The Current Challenge: Most solutions face one or more fundamental limitations:

• Language Isolation: Bound to single ecosystems, either leading to the use of different solutions for every programming language with their own APIs to learn, their own tradeoffs... etc. Or alternatively requiring complex and awkward glue-code.
• Scalability Issues: Difficult to scale and extend beyond what the solution was initially intended for, without requiring significant re-engineering or weird hacky solutions to common problems. Both approaches are a maintenance nightmare to developers.
• Inconsistent Developer Experience: Inconsistent poorly-maintained documentation quality and at worst outright outdated, opinionated patterns with different systems doing the same thing, and an overall steep learning curve across tools.

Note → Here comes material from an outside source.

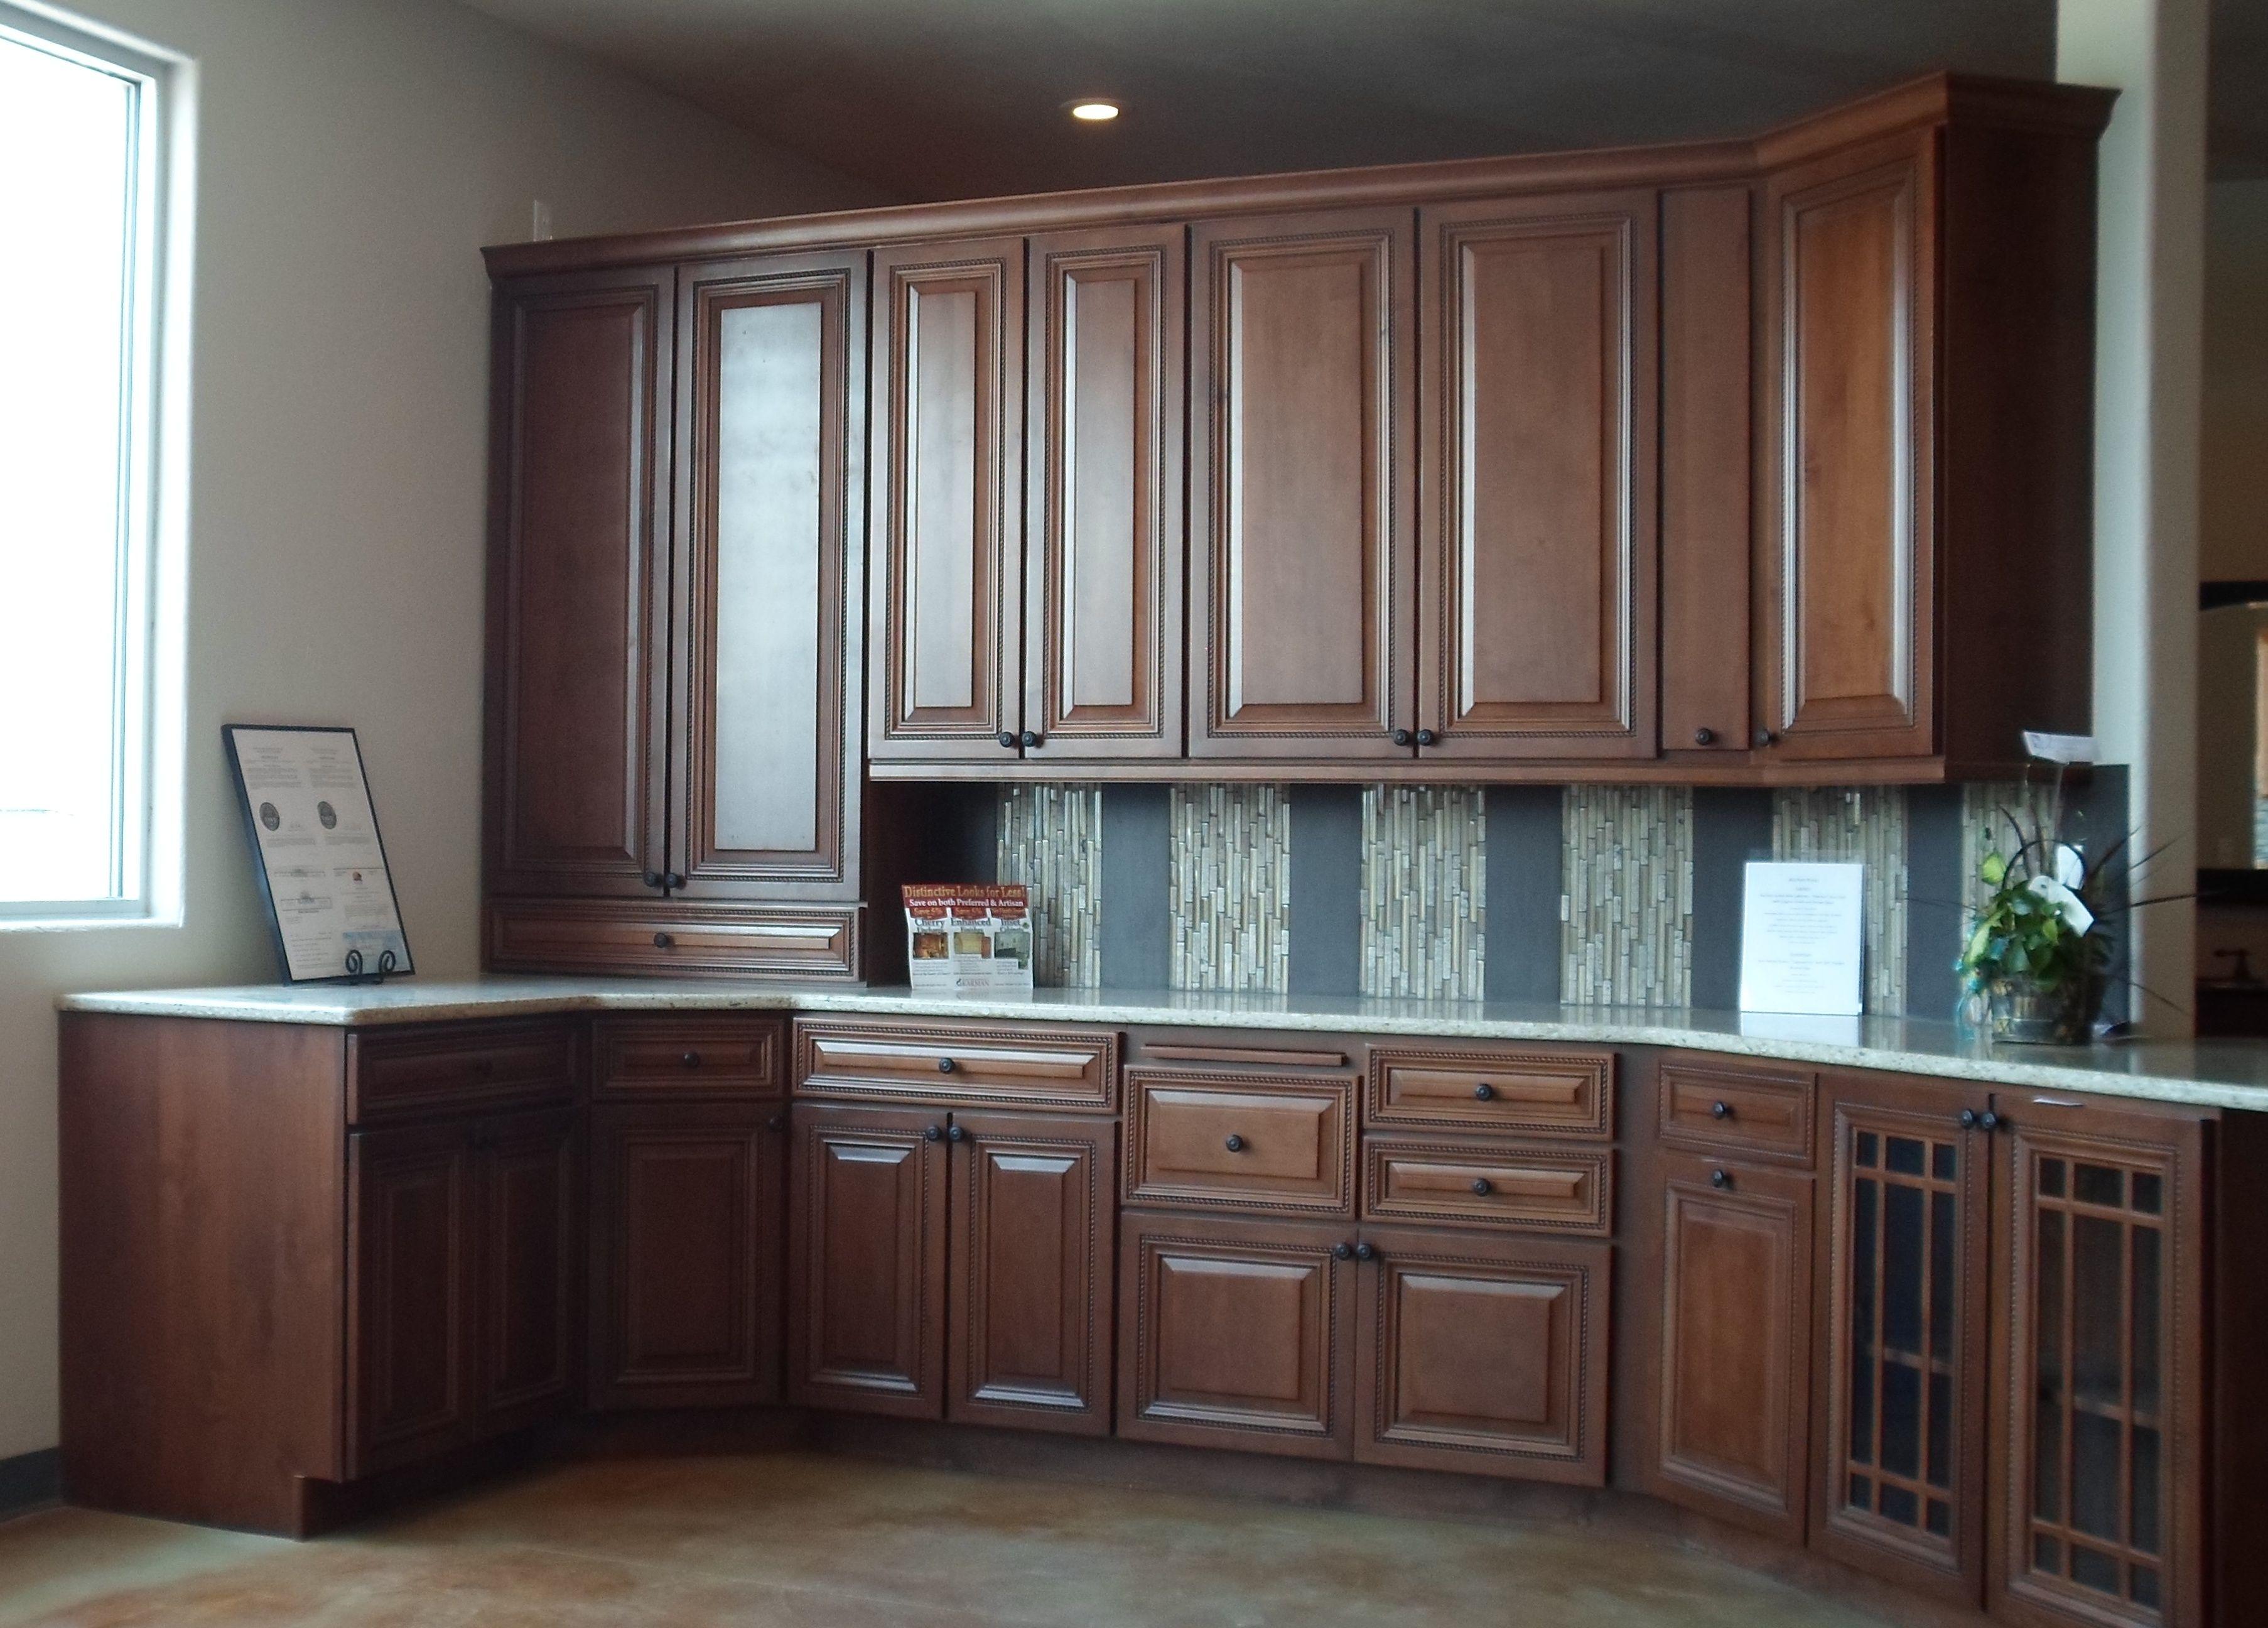 Karman Brand Alder Cabinets Stanton Door Style With Cognac Finish And Brown Glaze Kitchen Renovation Alder Cabinets Kitchen

The ChronoGrapher Approach: We believe developers deserve better than fragmented scheduling experiences. While no solution is perfect, ChronoGrapher's polyglot architecture, performance-first design, and extensibility focus represent significant breakthroughs in scheduler design, eliminating the need to master multiple disjointed systems.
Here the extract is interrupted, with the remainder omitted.